Over the festive season, we can all explore the power of women’s crime writing through our annual best holiday reads list. Sisters in Crime asked convenors, author members, Davitt Award judges, and winners to nominate their best holiday reads by women crime authors. We hope you enjoy the books they’ve nominated. Most are fairly recent but some are golden oldies. Their sleuths (if there is one) are variously police, psychologists, bar-maids, snow-boarders, scientists, biologists, journalists, art dealers, or heiresses … The scenes of the crime range from Australia, New Zealand. Papua New Guinea, India, UK, Ireland, USA, and Mexico.
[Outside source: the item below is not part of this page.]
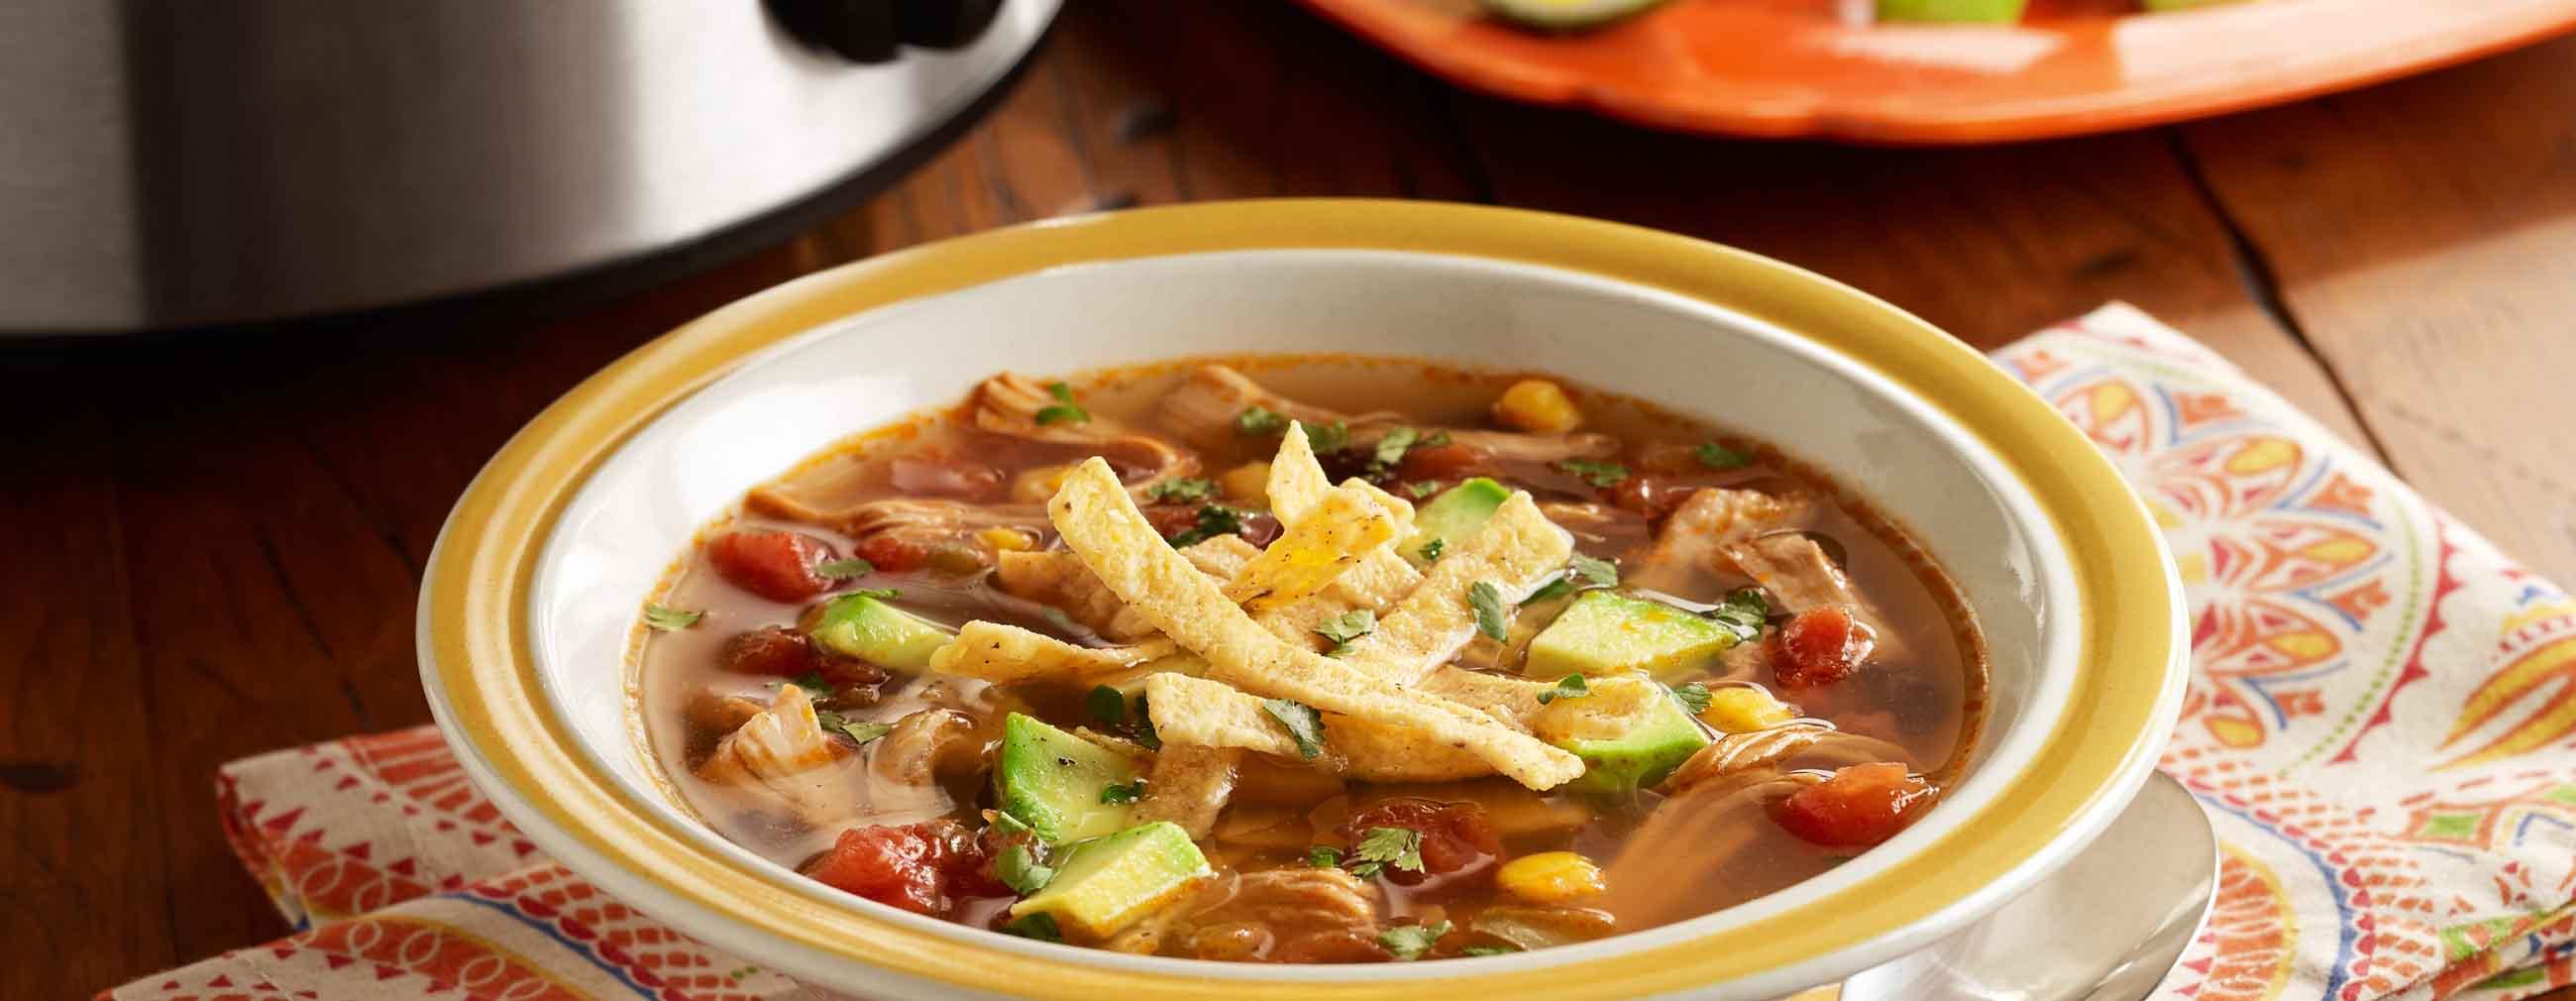 Slow Cooker Chicken Tortilla Soup Ready Set Eat

What they all have in common, we believe, is superlative story-telling, pace, and characterisation, combined with the pursuit of justice and the odd thrill or two.
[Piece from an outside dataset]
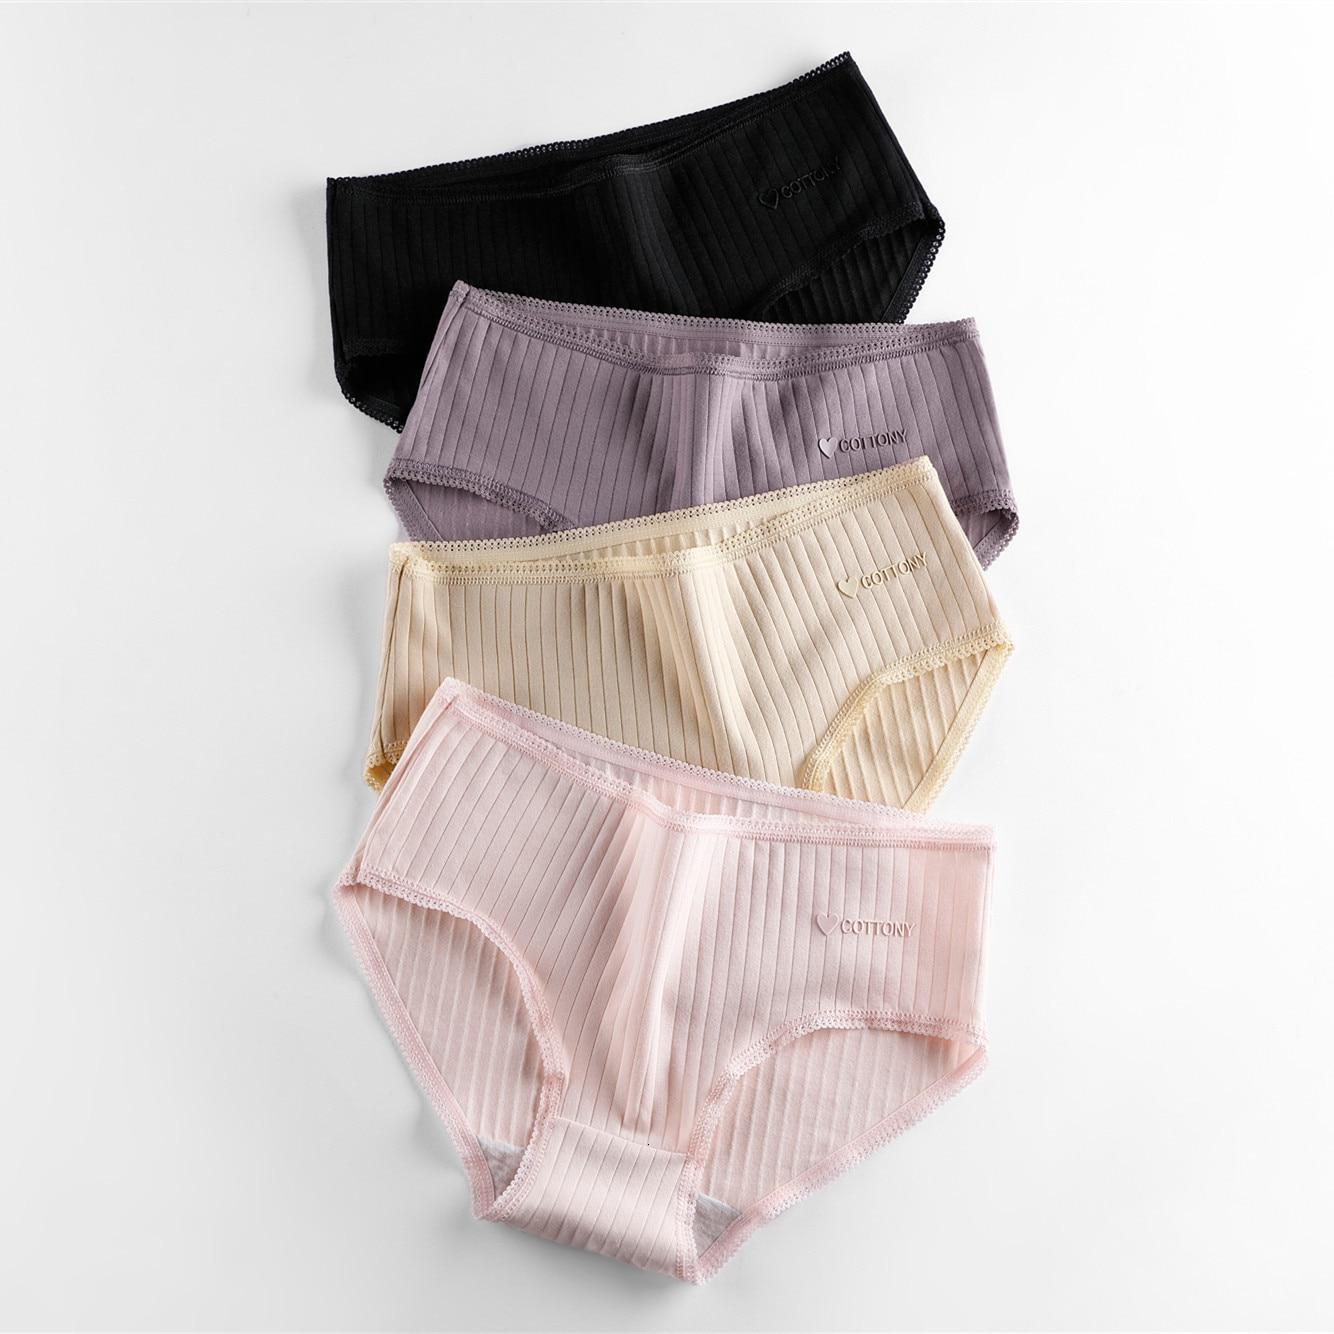 M-XL Women's Panties 3Pcs Cotton Solid Color Girl Briefs Sexy Lingerie Female Underwear Ladies Underpants Women Intimate 2019

Two novels – Debra Oswald’s, The Family Doctor, and Emily Maquire’s, An Isolated incident, received two recommendations.

JENNY BLACKFORD (AUTHOR)

Patricia Highsmith (originally bylined as Claire Morgan), The Price of Salt (1952, available as an ebook via various platforms): The Price of Salt, later made into a movie and renamed Carol, is more lesbian romance than crime, but has a definite noir vibe to it. Two women – one older, rich, mother of a beloved child and on the brink of divorce, one young, poor, and thoroughly discontented with the young man who adores her without understanding her – dance around one another in a complicated pattern. Neither seems to really see the other. Lesbianism may or may not have been strictly illegal in the US in the 1950s, but it was a huge strike during divorce proceedings, and private detectives follow the women across the country. Riveting.
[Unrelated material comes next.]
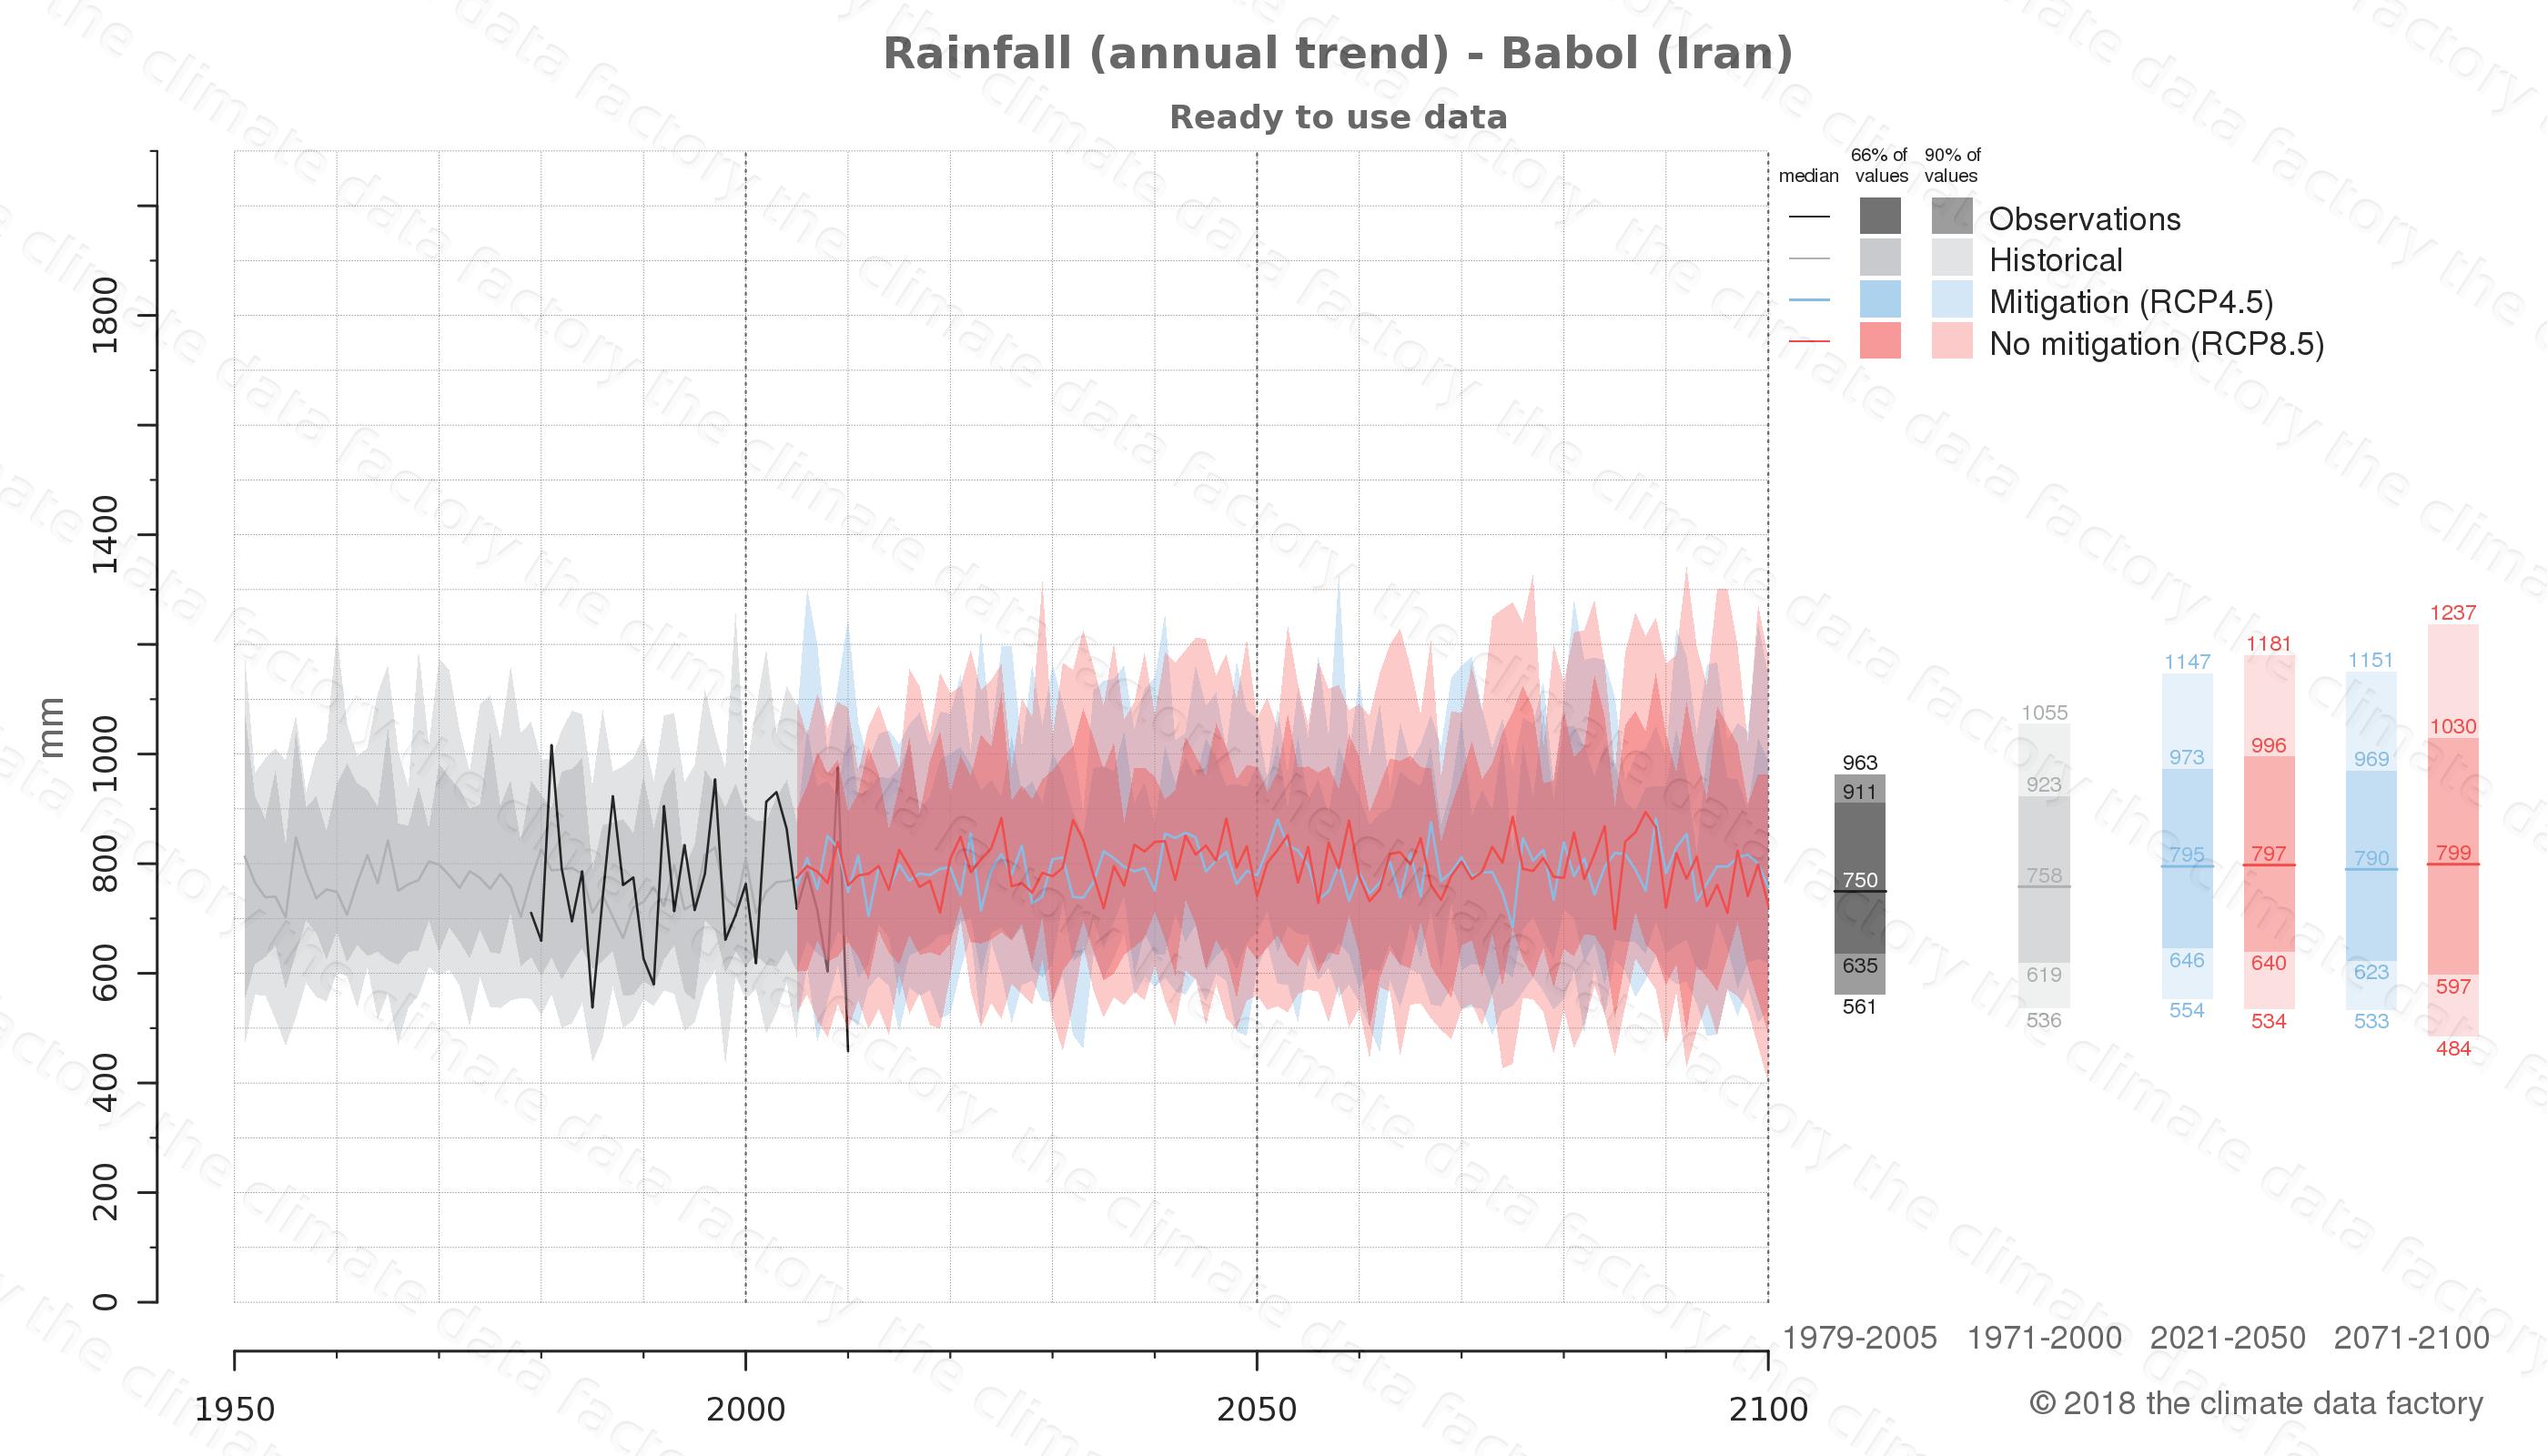 climate change data policy adaptation climate graph city data rainfall babol iran

ASHLEY KALAGIAN BLUNT (AUTHOR) 

Rachel Howzell Hall, They All Fall Down (Forge): Rachel Howzell Hall has voice! And a surprise on nearly every page. They All Fall Down opens with complicated protagonist Miriam Macy on her way to a luxurious private island off the coast of Mexico for what she thinks is a reality TV show filming. Except once there, she discovers that she and the six accompanying strangers have been brought to the island under false pretenses. An American crime author of colour, Howzell Hall is one of my hot new favourites. 

ANNE BUIST (AUTHOR)

Jacqueline Bublitz, Before You Knew My Name (Allen & Unwin)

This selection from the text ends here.